The sheet that has me yearning to shoot colour slides again on large format.
Blue Streak
Porth Meudwy, Aberdaron, North Wales
2.45pm 16th February 2018
Linhof Technikardan S45
Nikkor-W 210mm f/5.6
Fujichrome Velvia 50
1/2″ f/22
245mm bellows extension
5º front tilt
Home-developed with Jobo CPE-3 and Tetenal E6 (FD 7mins 10secs)
Digitized with 4-frame stitch on lightbox with D800E/85PC-E
From a trip where I wild-camped on location in the carpark. The advantage of doing this was that I could stay on location across the whole day until the sun was low, instead of having to pack up for the 4hr drive home again. I was able to watch the light change around the cove, and discover a range of different scenes and subjects across the different tide levels: this was the last subject I found I think before heading back.

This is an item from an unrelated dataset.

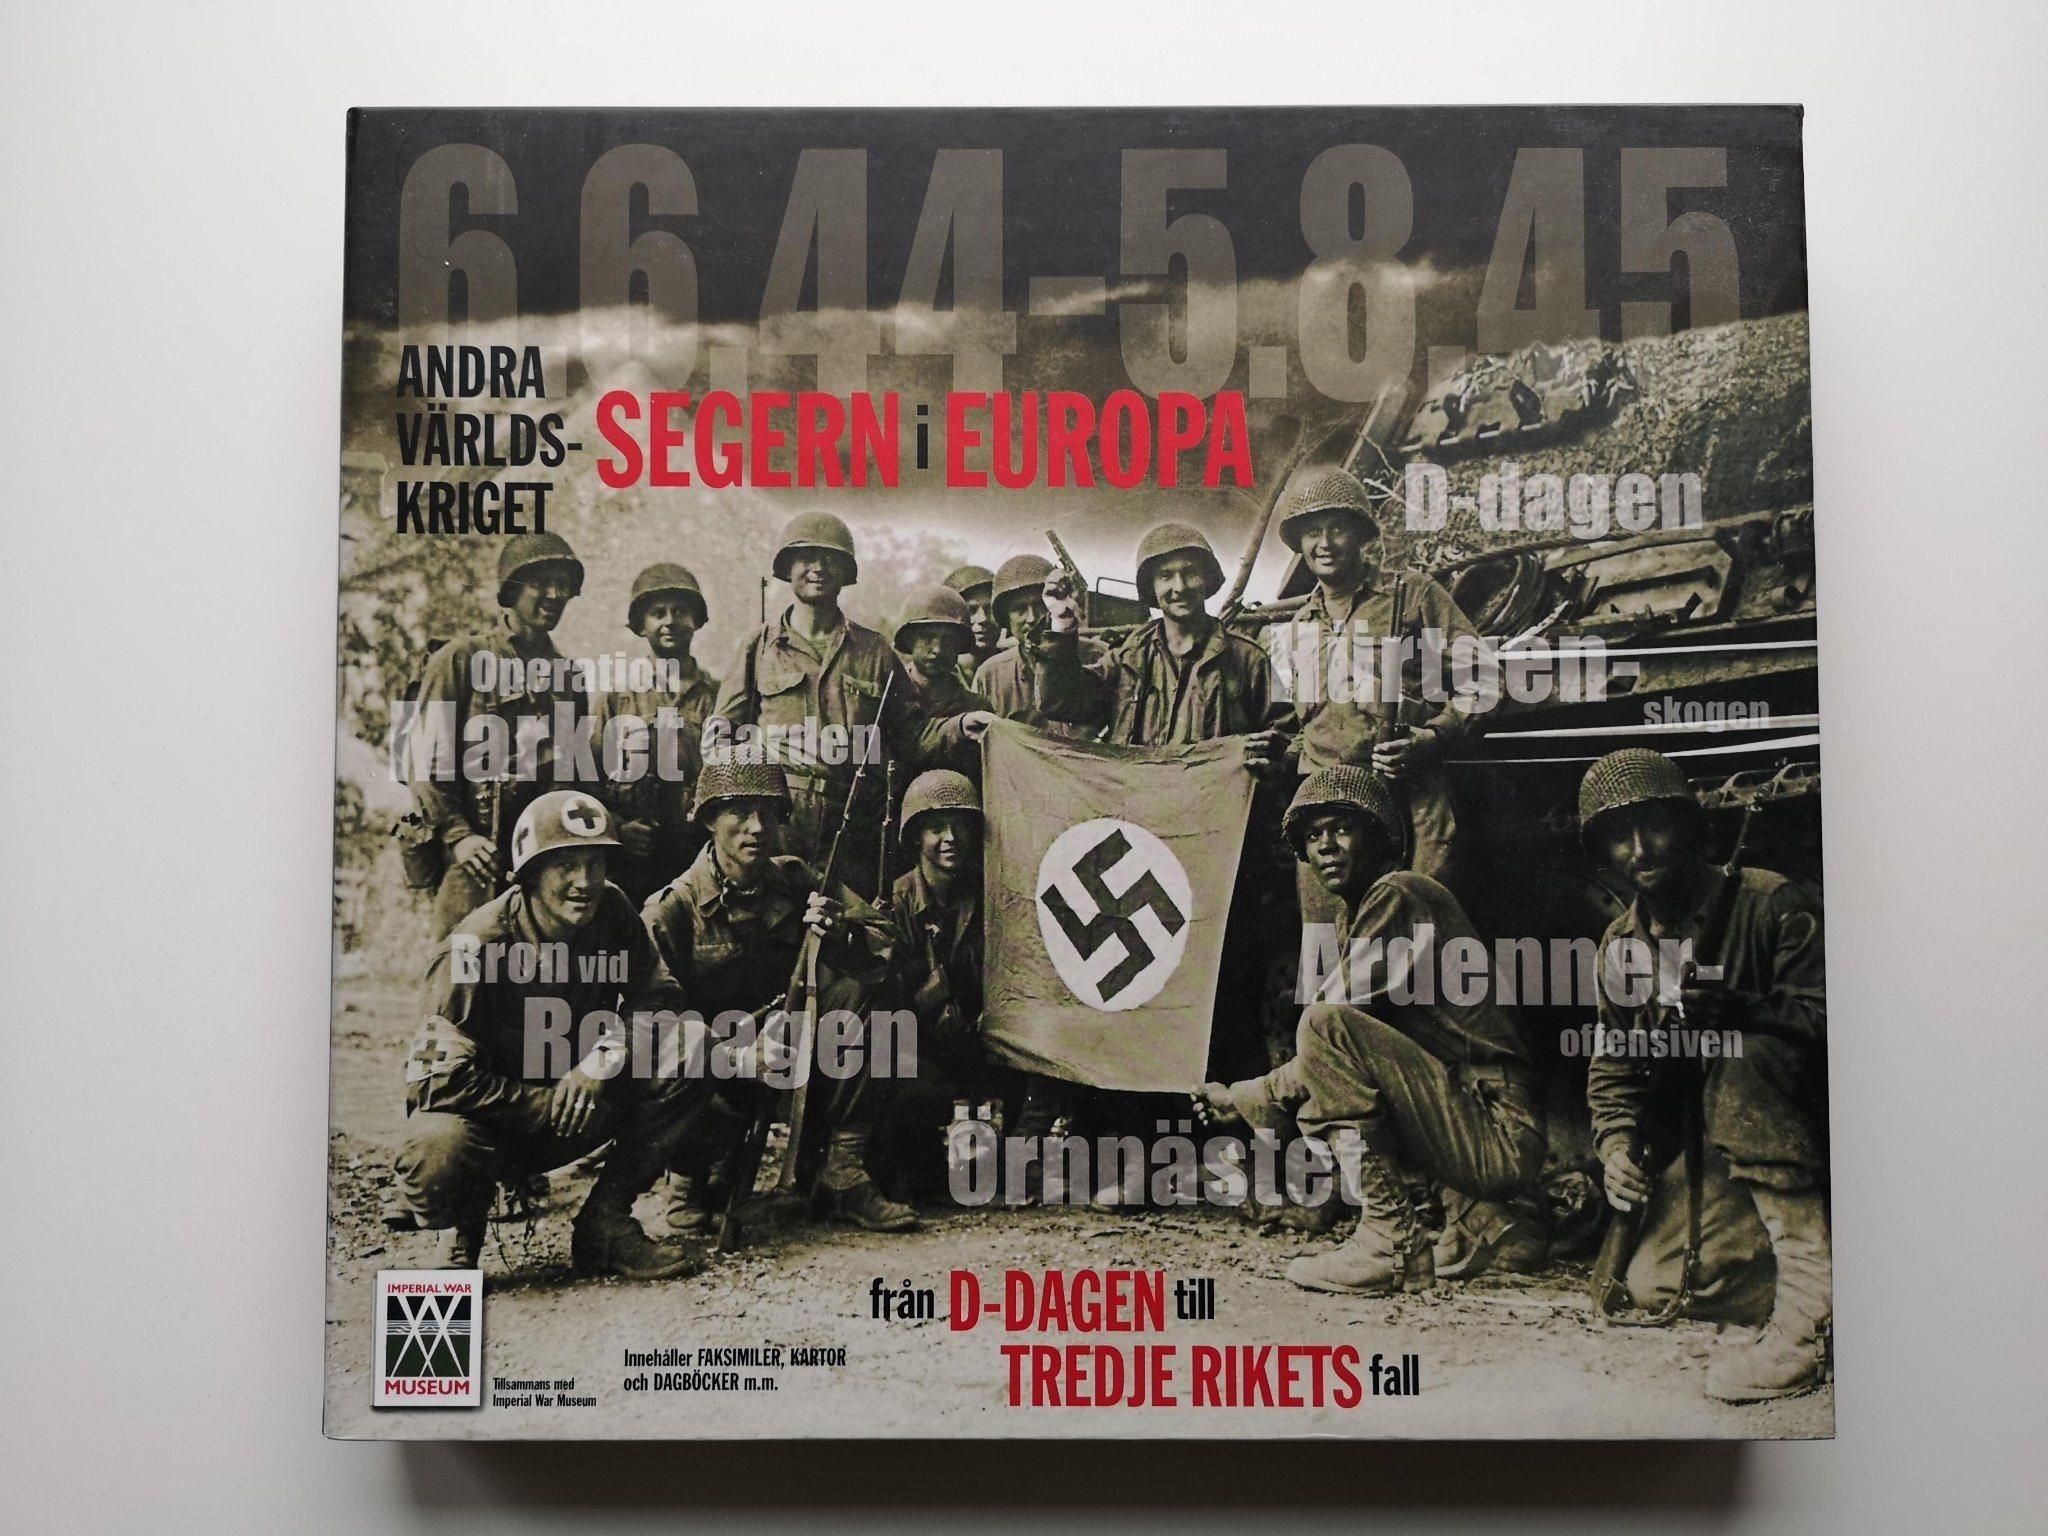 Karta Europa Andra Varldskriget.Andra Varldskriget Segern I Europa Julian Tho 343258715 ᐈ Kop

This is a sheet I successfully rescued last week, one of the very few which I managed to incorrectly develop at home (I think I mixed the colour dev in the E6 incorrectly, never again!) and came out with a slide of Velvia 50 that looked like an inverted sheet of colour neg – horrid cyan cast. Happily, I managed to redit this very successfully in photoshop – and, along the way, even learning some new post-processing tips from Alex Burke’s e-book for slide (something I didn’t think I needed but learned a lot from).
And it’s making me want to shoot some more colour film on large format, maybe even 8×10!
I’d probably – at least for wider landscape views if not for intimate or macro scenes – not want to shoot Velvia, instead looking for a more contemporary look, possibly with warmed up and de-saturated Provia, or Portra 160. But if I shoot colour neg, I definitely need to up my confidence in inverting negs for a consistent result.
I’ve also recently been enjoying thinking with other contemporary large-format film photographers, such as Alex Soth and Bryan Schutmaat, and have one or two new projects lined up, both for colour and b&w. The problem is that the bigger you go with film, the more absorbing the process, so I might give 8×10 colour a go as well as B&W. I have Stearman SP810 trays as well as jobo tanks for 5×4 and smaller, so can process any size of film at home up to 8×10, so that’s not a particular issue – though I will have to run some tests with colour dev temperatures across the process with the stearman first, esp. without a temperature controlled water bath. I’m thinking thermos flasks for controlling warm water temperature, and one simple water bath for reusing the chemistry for a second batch. Fingers crossed!